When I returned to earth, I viewed my family as they gathered for my memorial service. I watch my daughter read The Letter to my loved ones. I see their faces; they understand the message I am sending from my heart. I have shared a special memory to remind them how special they each were to me, and they accepted my gift. They gather together to share their love of each other, and share their memories; I am pleased to see that they are remembering me, as I wanted them to, with love and laughter taking over the grief.

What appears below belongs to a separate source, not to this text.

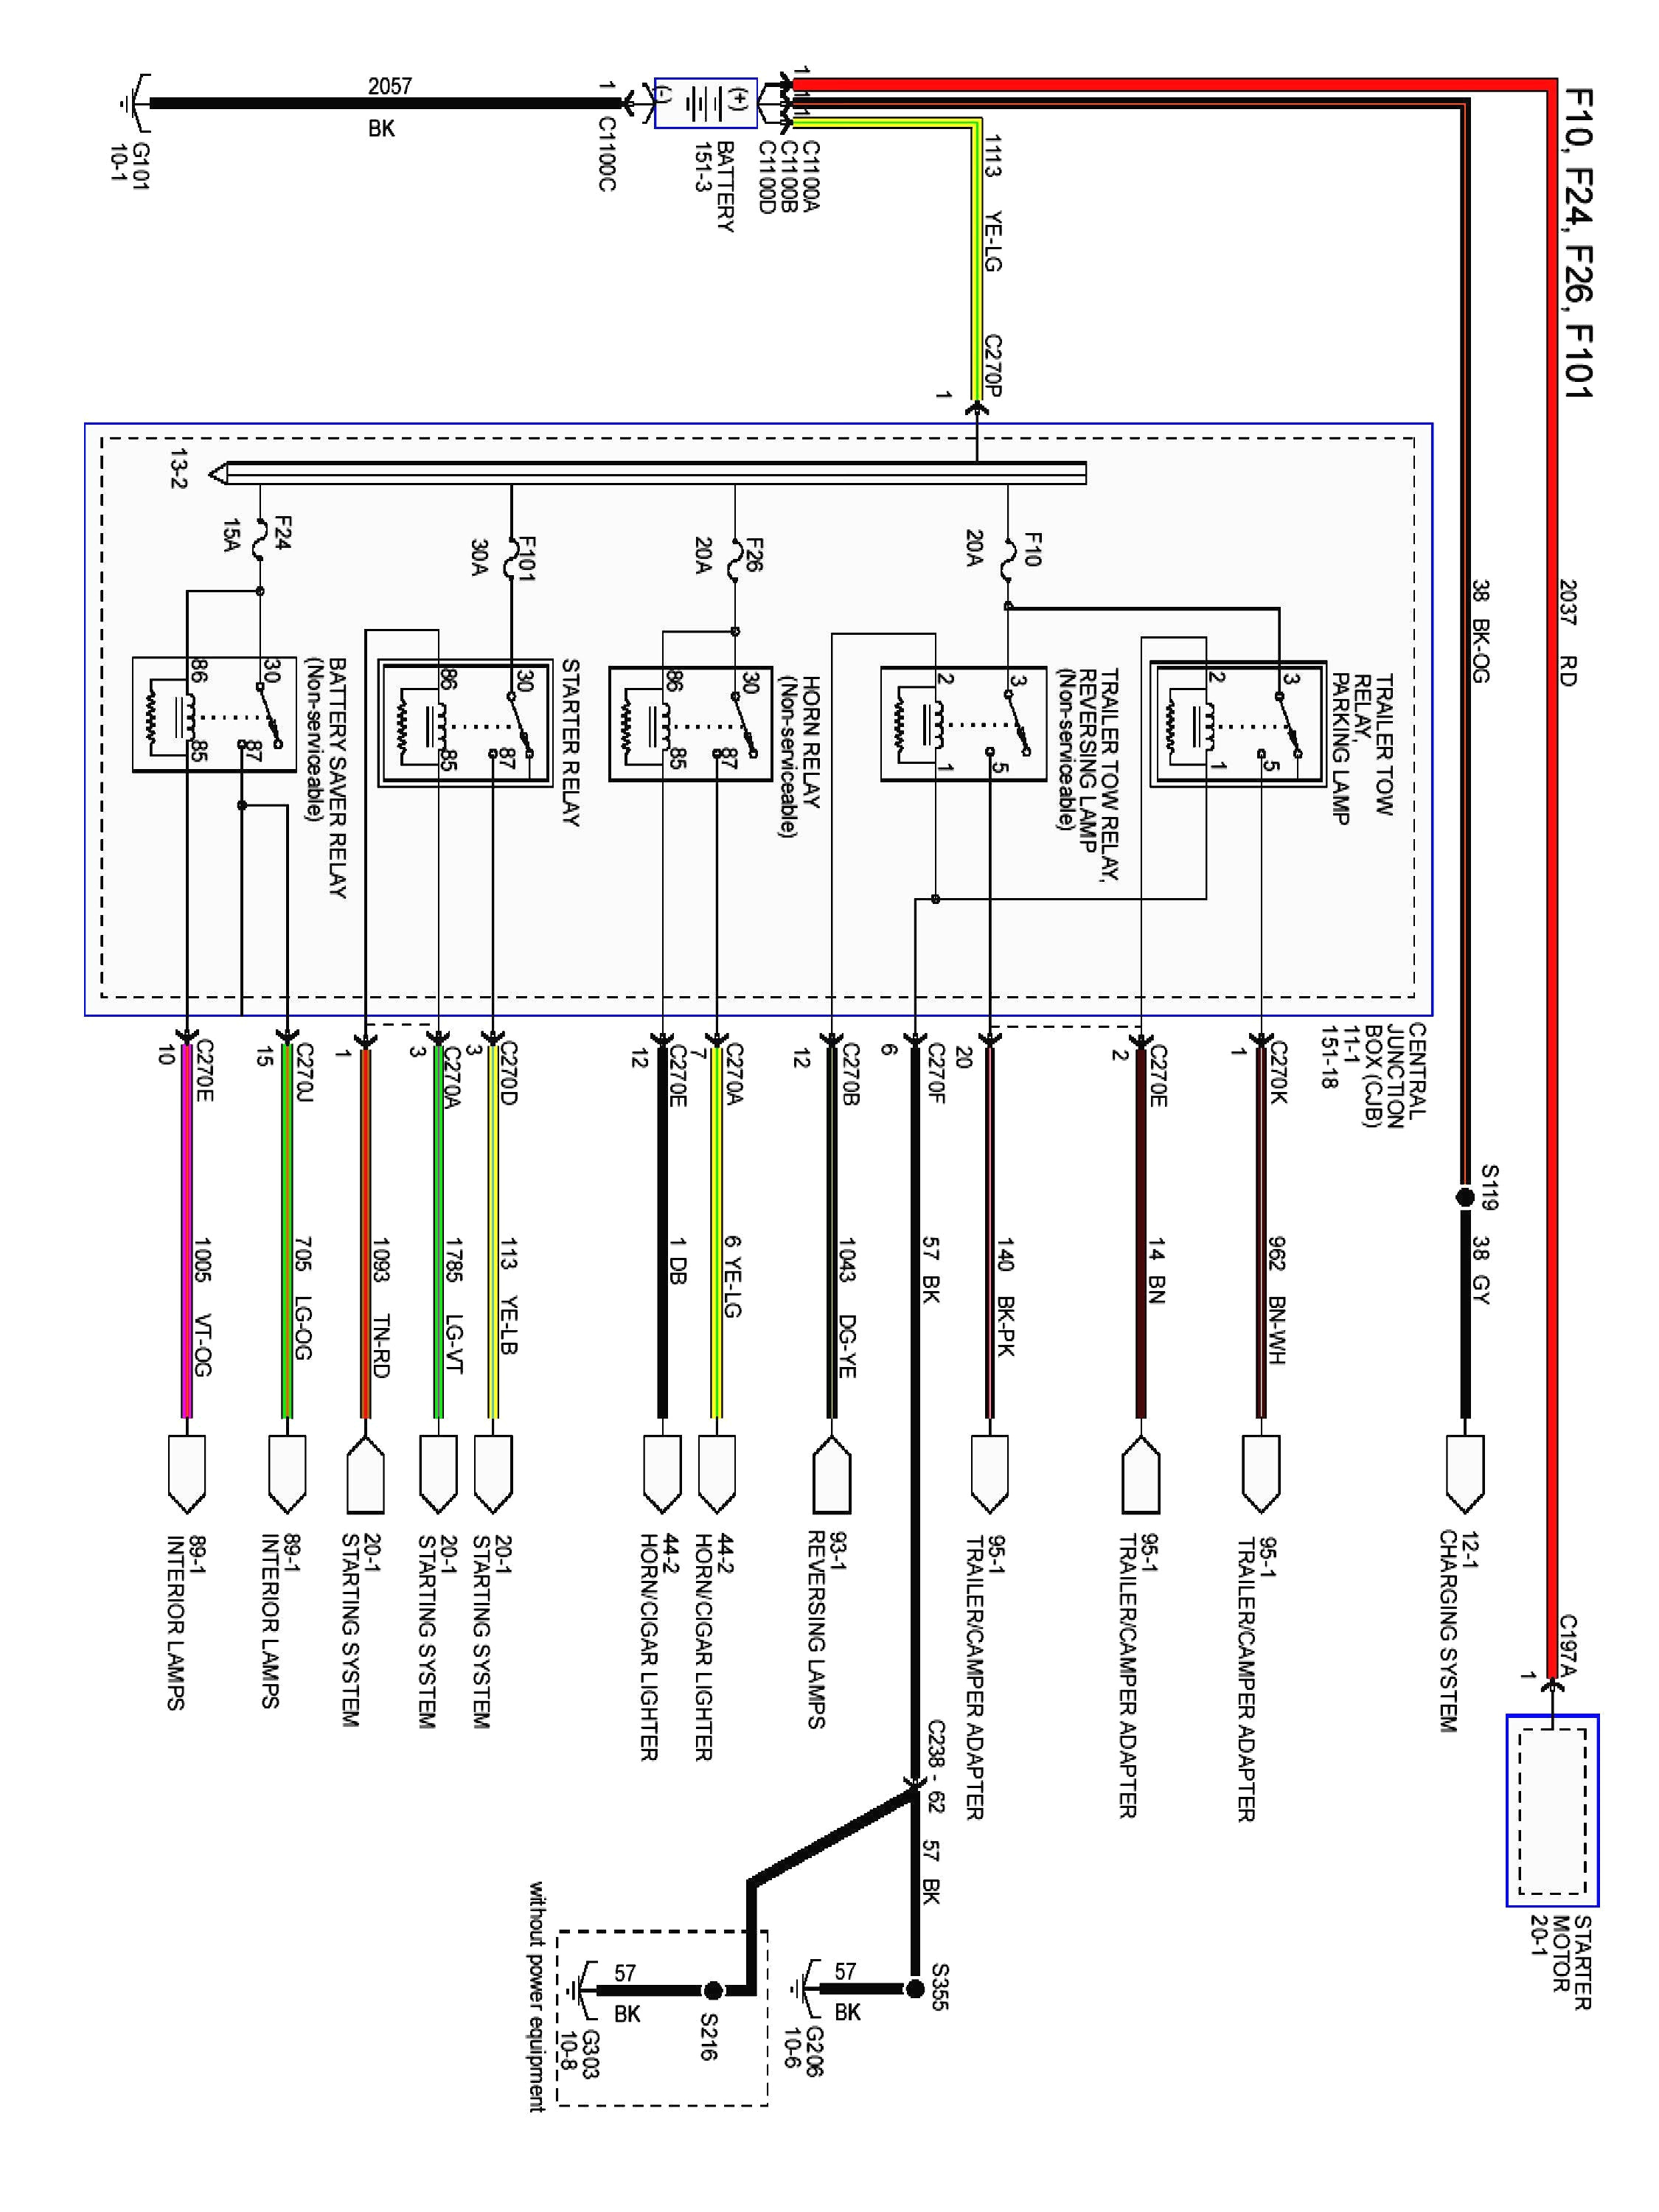 ford wiring diagram pdf wiring diagram blog 2001 f150 wiring diagram pdf 2001 f150 wiring diagram pdf

I settle into my new role, being unseen yet active in their lives. My daughter takes my
Grandchildren out onto the deck as they gaze up into the night sky, she tells them that
Grandma now lives with God, but we can still talk with her when we need to. She
told them to pick out a special star and that star would be used to contact Grandma when
they needed or wanted to talk to me. I felt so special; they picked out the North Star
because is shines the brightest and they could always find it. Through the years I
watched as they came out onto the deck and talked to the North Star, about the troubles
they had in school, when the bullies picked on them. The boyfriends and girlfriends they
believed they were in love with, the ones who broke their hearts. They shared there
dreams and their goals, they talked to me often, not only when they were sad, they
shared their lives with me.
The Letter still gets taken out occasionally and is read at family gatherings, and we all
can smile as the words are read out loud once more.